I will first confess that I never played the original Two Worlds, so frankly, there's a certain amount of back-story I just didn't get. For example, why is it called Two Worlds? As far as I can tell, there's only one world available. But in all fairness, it's quite a world; full of lush, vivid landscapes, brimming with handcrafted detail and variation. Scenes ranging from tropical islands to savannahs to vibrant cities to Mordor-esque twisted canyons and dank dungeons appear in this game, filled with cinematic-quality antagonists and bit players.

So what do you do in this world? Well, you play a man sprung from an evil emperor's jail by some friendly orcs, and sent out on a forlorn quest to rescue your magically enslaved sister from the same emperor, and hopefully topple his evil reign and restore truth, justice, and blah blah blah - the usual high fantasy canards. When you first emerge blinking into the light of freedom, you're almost as helpless as a kitten. But if you survive you can turn yourself into a wrath-fueled killing machine, a sneaky backstabbing thief, an archery whiz or a spell-spamming Harry Potter on steroids. You'll use and improve your skills, whichever path you choose, on the main quests and a seemingly never-ending array of side-quests, gathering gold, weapons, magical ingredients and trinkets, as well as important clues for defeating your archenemy.

The story is not particularly original, and doesn't offer much in the way of a sense of mounting dread; you begin to feel like you can put off toppling the emperor until after you've built a nice nest egg for yourself, maybe taking a couple of trips around the world via the handy teleport systems, meeting some cute girls, and so on. The interactions between your character and the supporting cast have some broad humor and a fair amount of cliché, but, considering the English version is a translation, it could have been a lot worse.

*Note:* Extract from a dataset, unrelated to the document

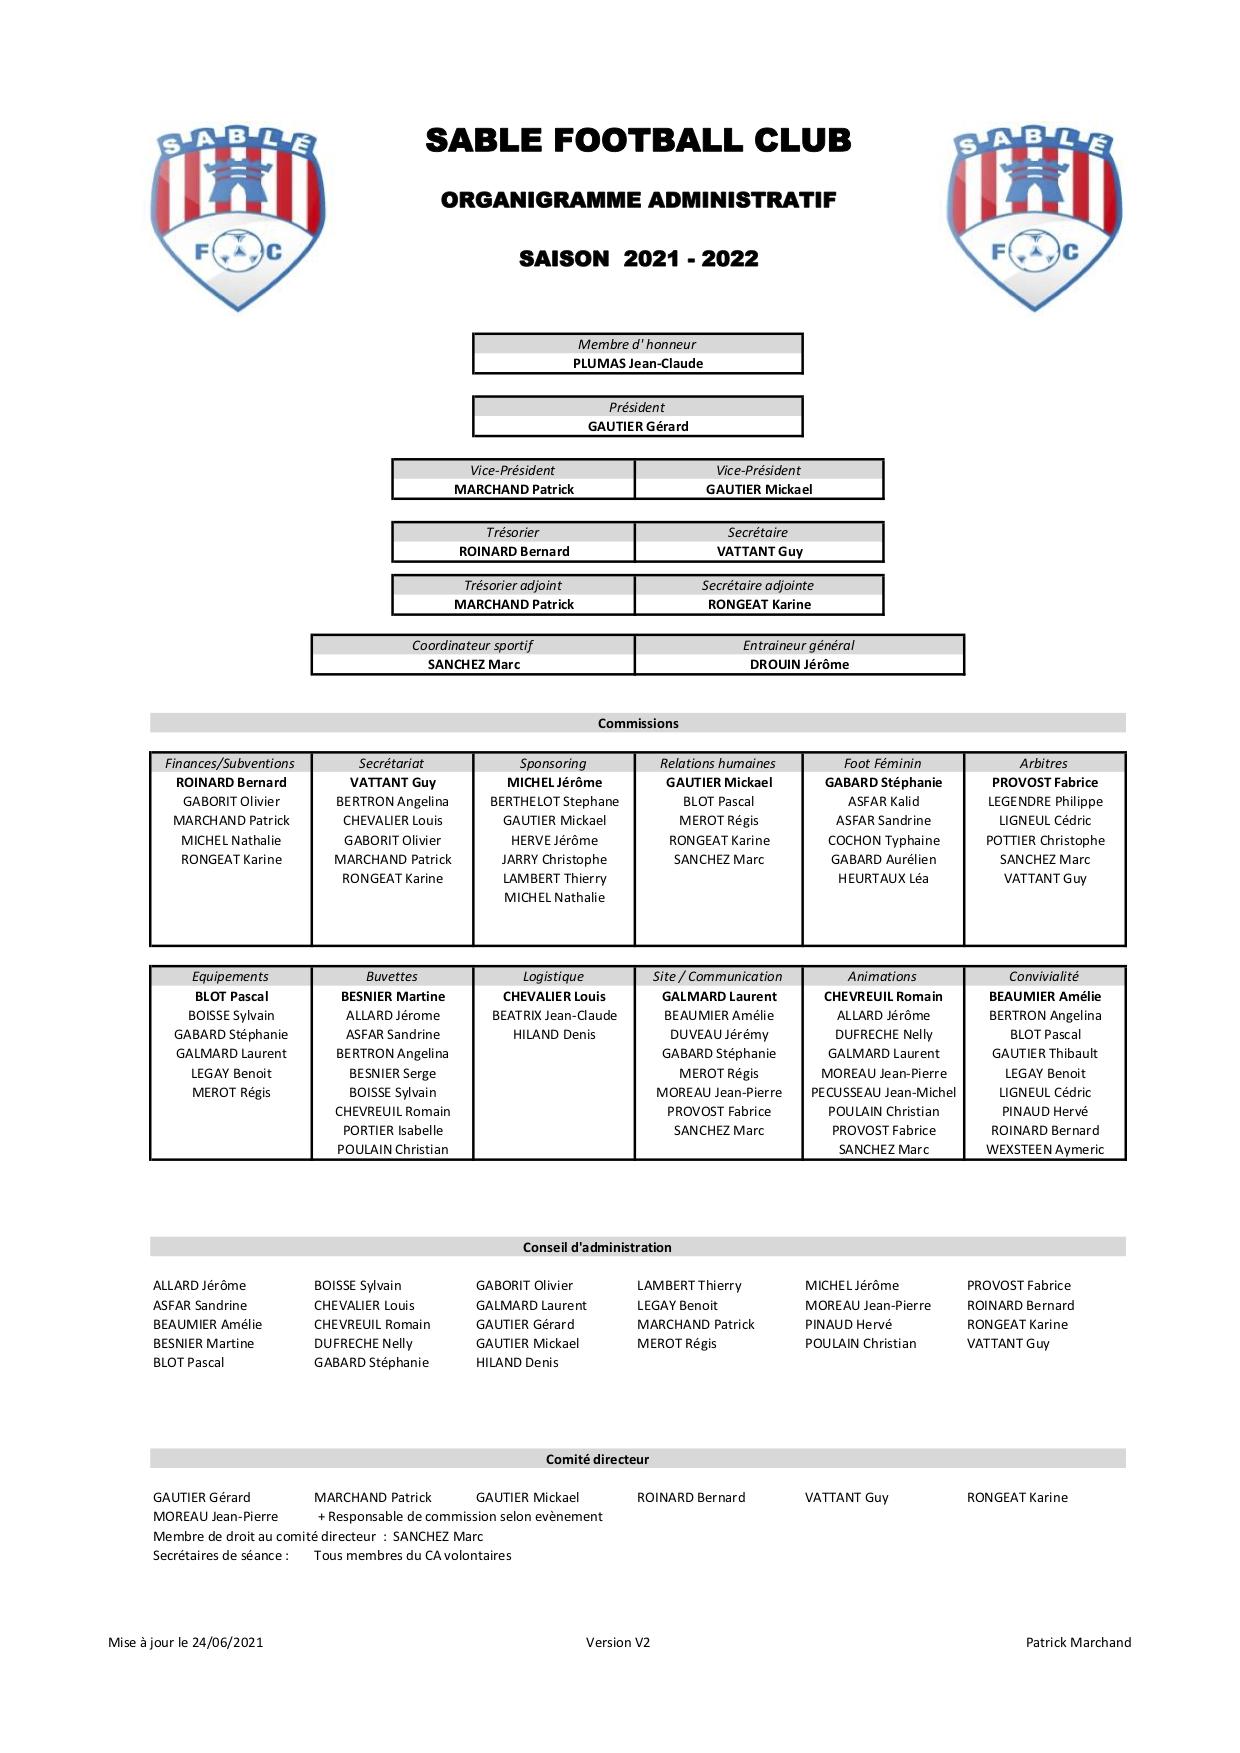 Organigramme administratif 2021 - 2022.png

There are some decision points along the way where you can be more or less of a jerk, depending on your reaction to certain events, but your decisions don't seem to have the far-reaching effects that moral choices play in games like Jade Empire or Dragon Age: Origins. Mostly, it appears you may have chosen between two endings for a particular side quest, or possibly cut yourself off from another, related quest.